I really dug hard on how Apple Card data was being handled the last time I wrote about the service, so you should read that for more info. Goldman Sachs is the partner for the card but it absolutely cannot use the data it gathers on transactions via Apple Card for market maps, as chunks of anonymized data it can offer partners about spending habits or any of the typical marketing uses credit card processors get up to. Mastercard and Goldman Sachs can only use the data for operations uses. Credit reporting, remittance, etc.

And Apple itself neither collects nor views anything about where you shopped, what you bought or how much you paid.

And, as advertised, there are no fees with Apple Card.

One thing I do hope that Apple Card adds is an ability to see and filter out recurring payments and subscriptions. This fits with the fiscal responsibility theme it’s shooting for with the payments interface and it’s sorely lacking in most first party apps.

Some nice design touches beyond the transaction maps, the color grading that mirrors purchases and the far more readable interface is a pleasant metallic sheen that is activated on device tilt.

My physical card isn’t here yet so I can’t really evaluate that part of it. But it is relatively unique in that it is nearly featureless, with no printed number, expiration, signature or security codes on its surface.

The titanium Apple Card comes in a package with an NFC chip that allows you to simply tap your phone to the envelope to begin the process of activating your card. No phone numbers to call and, heavens forbid, no 1-800 stickers on the surface of the card.

I can say that this is probably the first experience most people will ever have with a virtual credit card number. The physical card has a ‘hard coded’ number that cannot be changed. You never need to know it because it’s only used in in-person transactions. If it ever gets compromised, you can request a new card and freeze the old one in the app.

For online purchases that do not support Apple Pay, you have a virtual card number in the Wallet app.

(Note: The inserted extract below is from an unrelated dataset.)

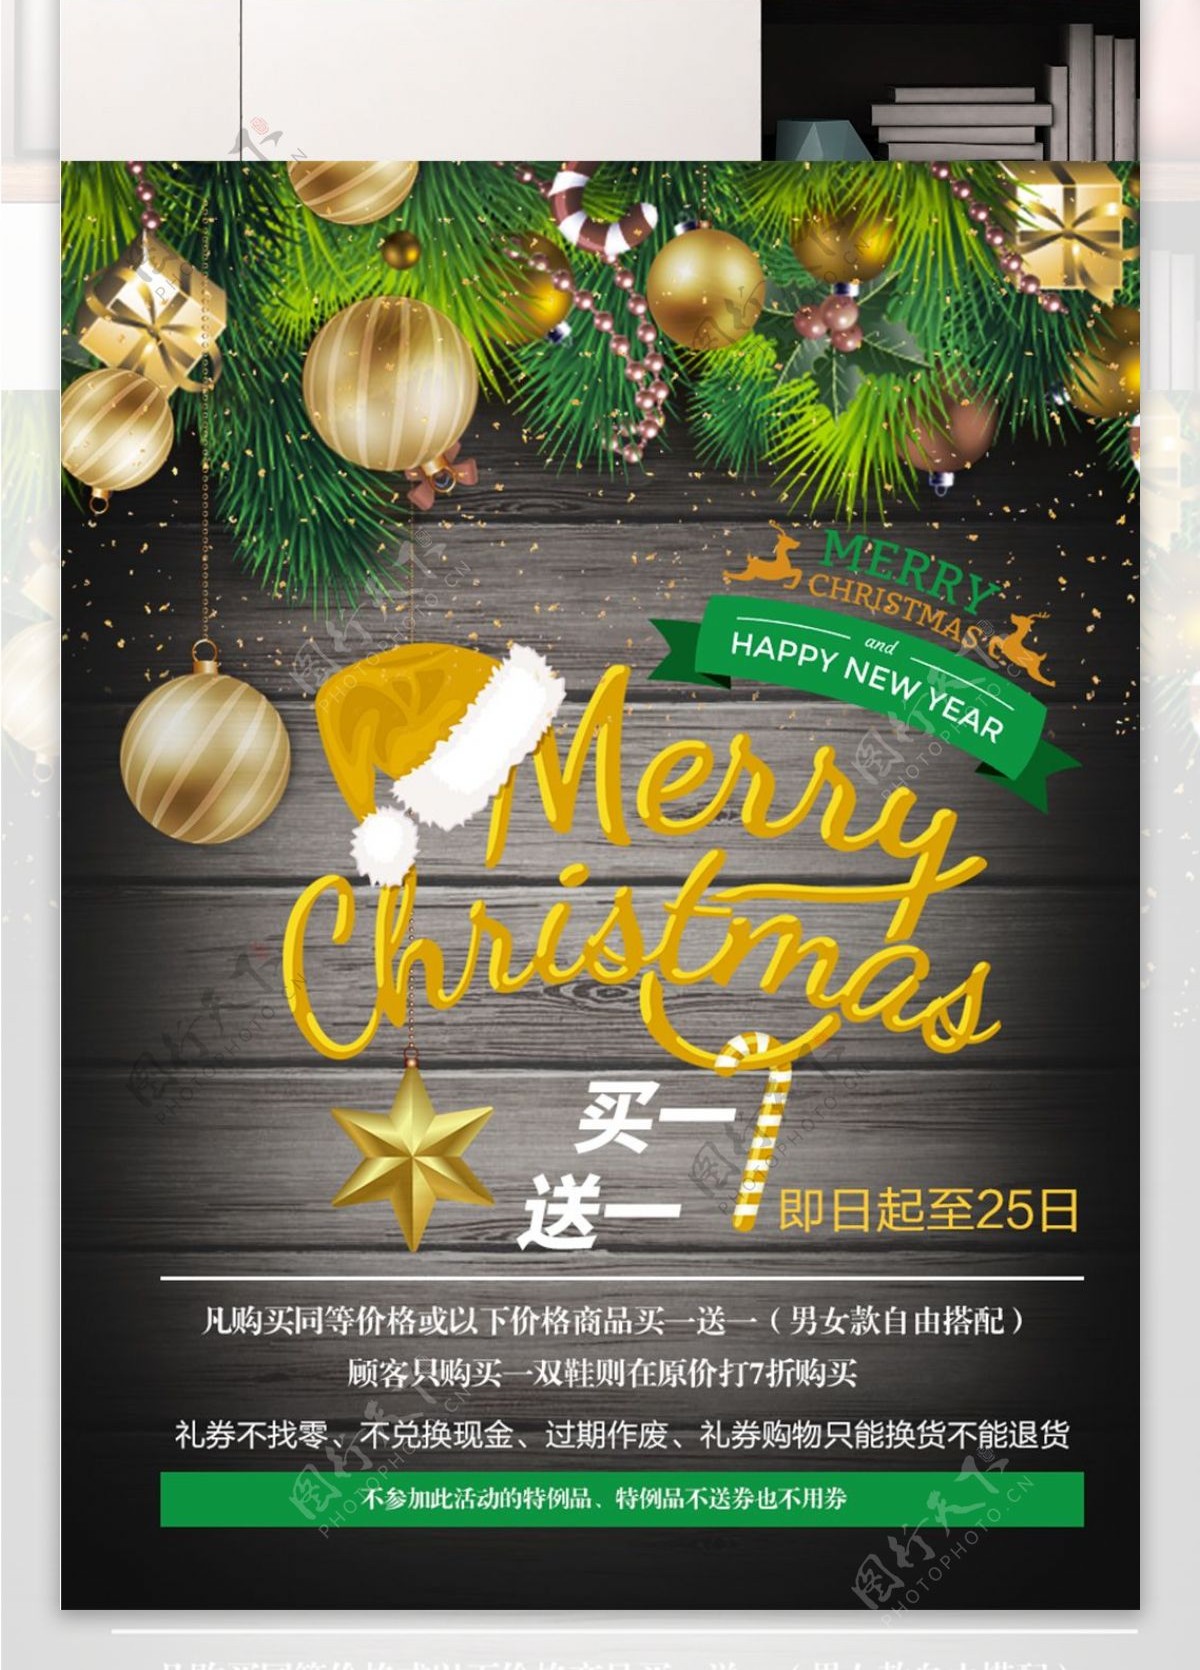 金色绿色圣诞促销海报PSD
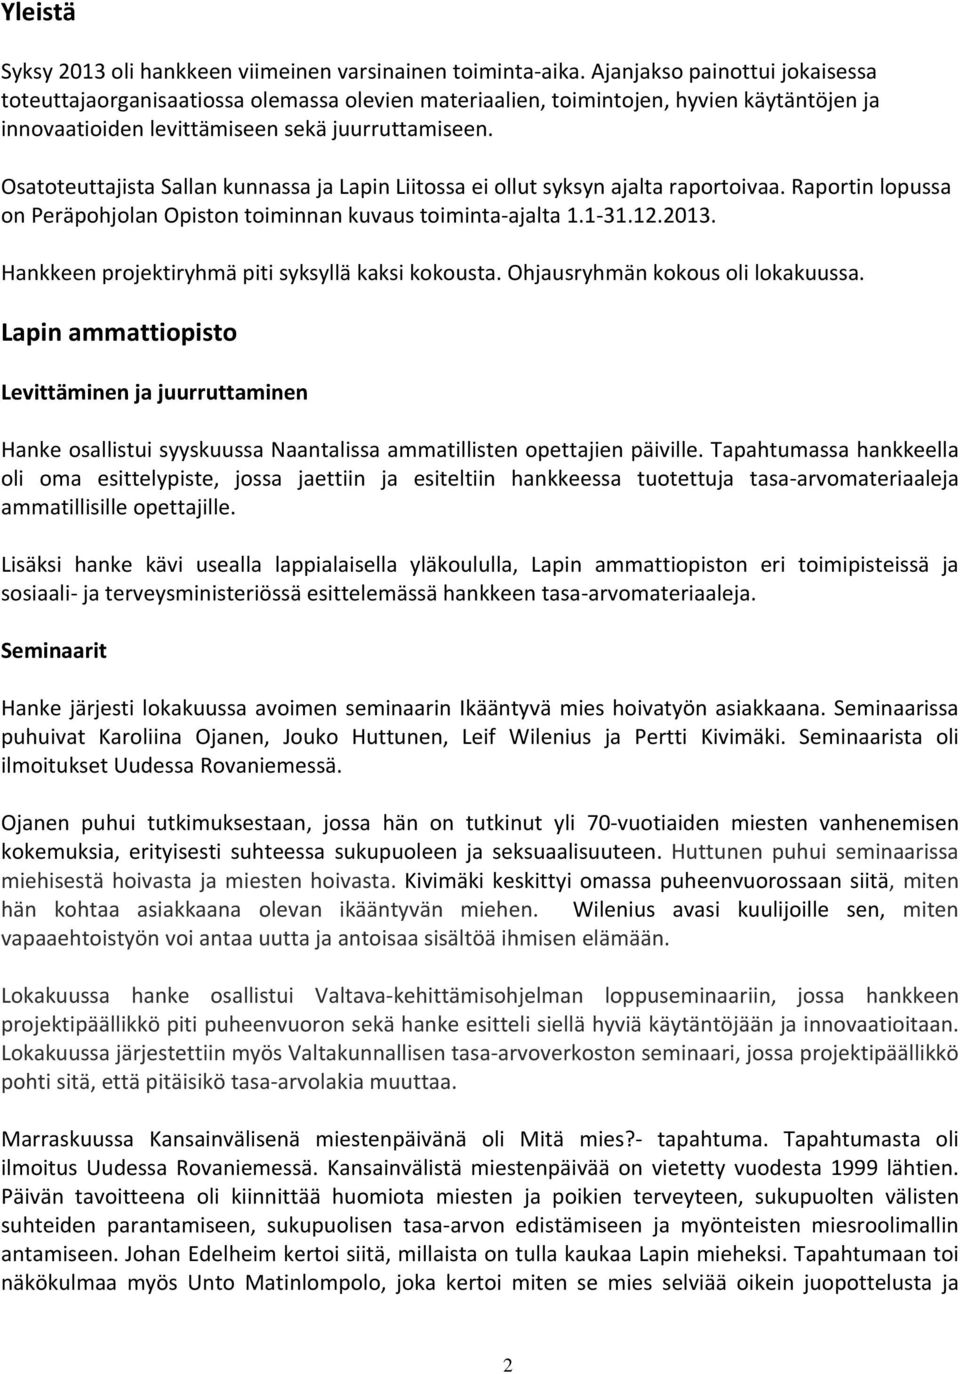 Osatoteuttajista Sallan kunnassa ja Lapin Liitossa ei ollut syksyn ajalta raportoivaa. Raportin lopussa on Peräpohjolan Opiston toiminnan kuvaus toiminta ajalta 1.1 31.12.2013.

You enter that number just as you would any other card number and it’s automatically added to your Safari auto-fill settings when you sign up for Apple Card.

The advantage to this, of course, is that if it’s ever compromised, you can hit a button to request an entirely new number right from within the app. Notably, this is not a ‘per transaction’ number — it’s a semi-permanent virtual number. You keep it around until you have an issue. But when you do have a problem, you’ve got a new number instantly, which is far superior to having to wait for a new physical card just to continue making online purchases.

Some banks like Bank of America and Citibank already offer virtual options for online purchases, and third party services like Privacy.com also exist. But this is the beginning of the mainstreaming of VCCs. And it’s a good thing.